Later, in the obligatory “But Holmes, how ever did you solve such a maddening case” scene in which Powell explains everything to the mayor, he informs us what he meant by these statements:
“He was one of those rare World-Shakers whose compulsions might have torn down our society and irrevocably committed us to his own psychotic pattern….These men appear every so often…links between the past and the future. If they are permitted to mature…If the link is permitted to weld…The world finds itself chained to a dreadful tomorrow.”

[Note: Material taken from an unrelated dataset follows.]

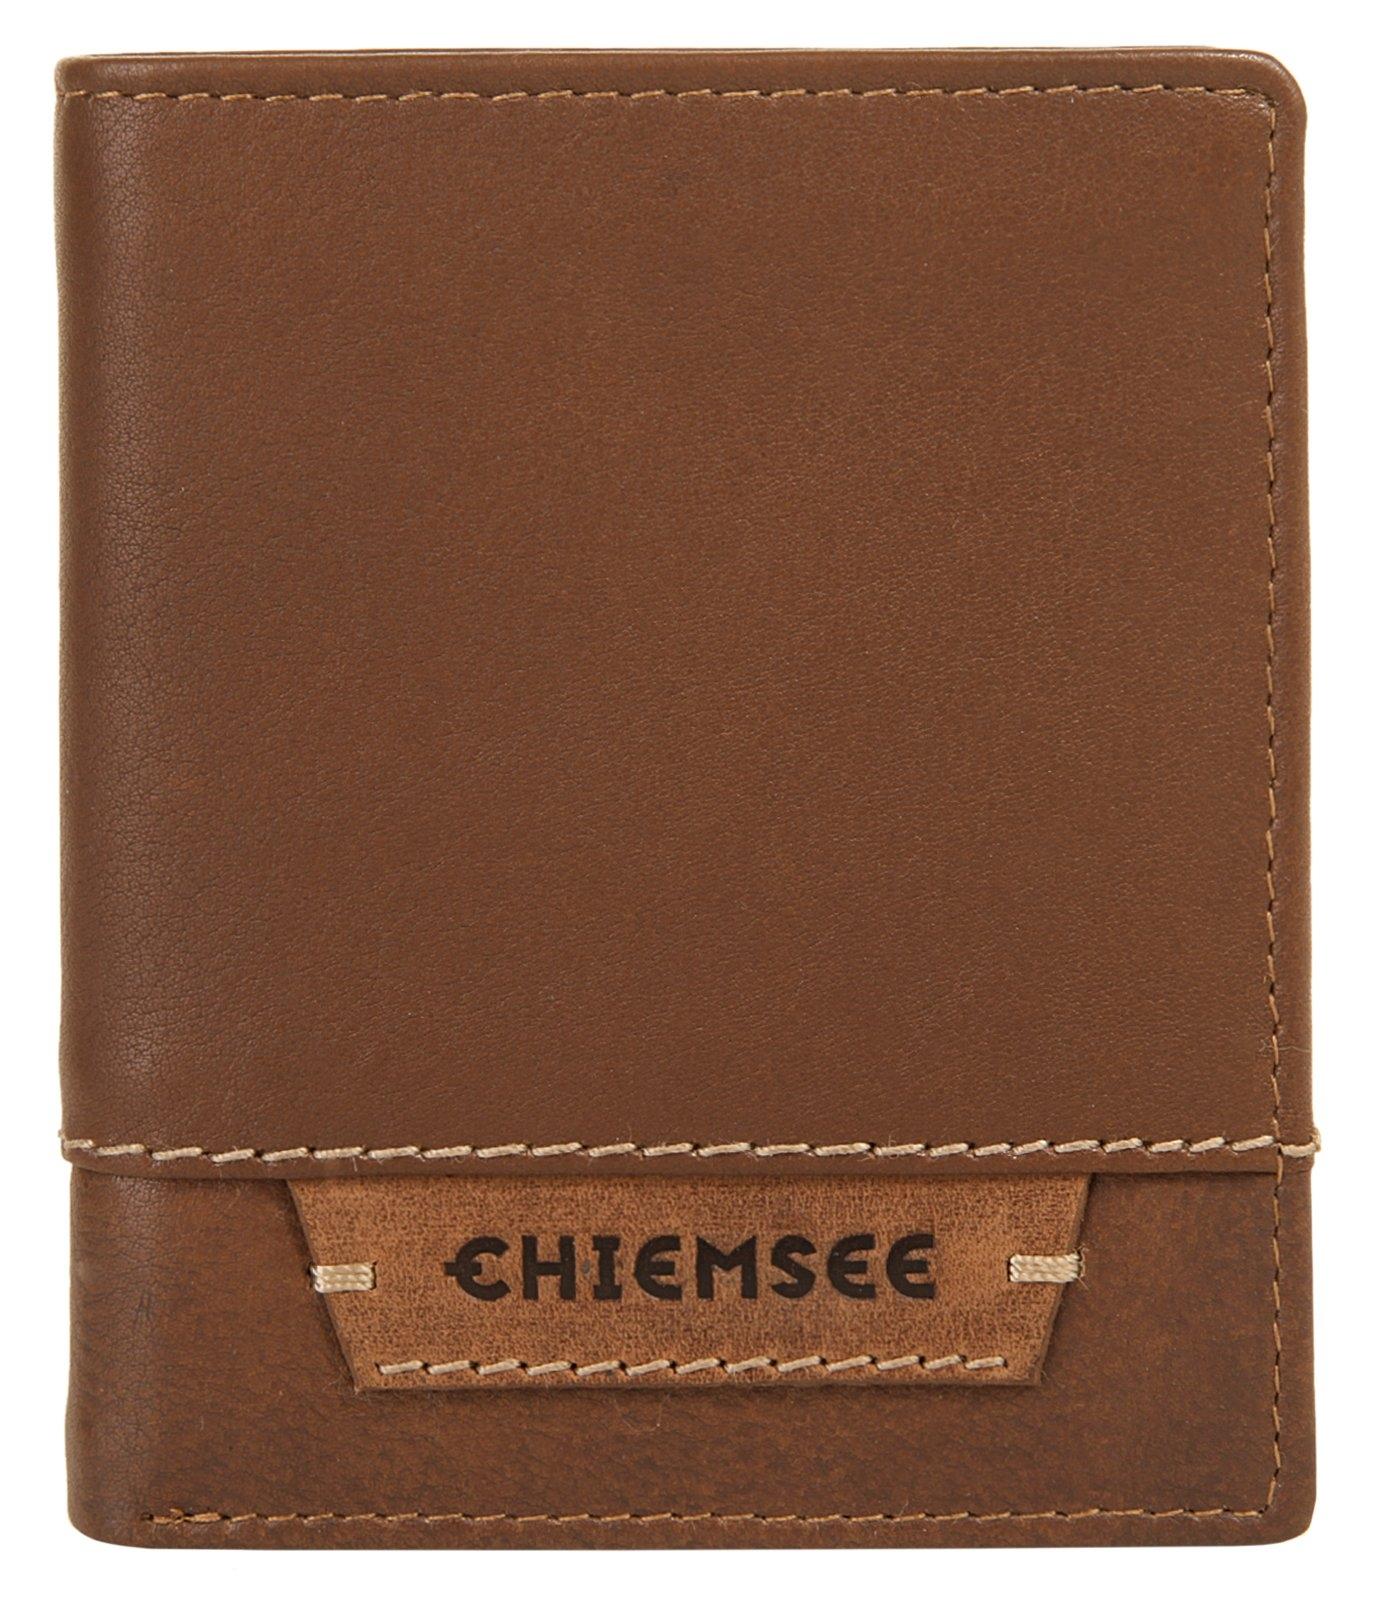 CHIEMSEE portemonnee »PARAGUAY« voordelig en veilig online kopen

The true danger of Ben Reich was never his murderous impulse, nor his psychotic self-delusion. It was his phenomenal will, and the fact that such a will was chained to the megalomaniacal pursuit of capital. Bester drops hints throughout the book that the Esper Guild sees Reich as a threat to the civilization they are trying to build, and the name of Reich’s company, Monarch, is as carefully chosen as his own. Despite his inner guilt plotting against him, Reich outwardly exults in his initial escape from Demolition, loudly proclaiming that he will own everyone and everything around him. His words to Gus Tate and the beginning of the book – “Together, we could rape the universe” – speak to this capitalist mentality of all-encompassing ownership. Reich’s motives for killing D’Courtney turn out to be personal, but all his other motives involve money and property, which is the true danger Powell sees in him.
And what is the Esper Guild, if not a socialist organization? Required membership, nearly all income going to the Guild, which provides living conditions, regulations on jobs and marriage with the intent of serving the greater good…even Reich’s and Powell’s espionage tactics during the aftermath of the killing mirror their respective economic symbols. Reich uses money and influence to buy allies and manipulate sources of evidence, while Powell, time after time, uses the combined resources of other Espers to find Reich and bring him down. The conflict between Reich and Powell is, bizarrely enough, a conflict between socio-economic philosophies, played out on a small scale, but with large-scale implications.
Demolition is the resolution of that conflict. The pain of Demolition isn’t meant as punishment; it is the sacrifice one must make to be reintroduced as a productive member of society. The Demolished Man, in effect, is a story about neither murder nor telepathy, but about the last great scion of capitalism succumbing to inevitable defeat as a socialist replacement rises up around him, all for the benefit of humanity as a whole.
Now, this isn’t to say that Bester wrote his novel for the sake of making a pro-socialist statement. The Esper Guild might be the winners at the end of the story, but it, along with Powell, is far from perfect. Bester isn’t describing a utopia; he’s describing a society moving in a certain direction. He’s thinking about the future and using it to comment on the present.
So with that in mind…it’s kind of the perfect first Hugo winner, huh? I mean, that’s what the best science fiction does – speculate on what could be in order to examine what is. The Demolished Man certainly meets that requirement. Bester’s book takes a lot of criticism, and some of it is well-deserved, but it does everything a great sci-fi novel should do. If the history of the Hugos reflects the history of this genre, even a little, Bester’s final, cryptic paragraphs, and in particular, the novel’s closing words, establish the template for everything that came after it:
“There has been joy. There will be joy again.”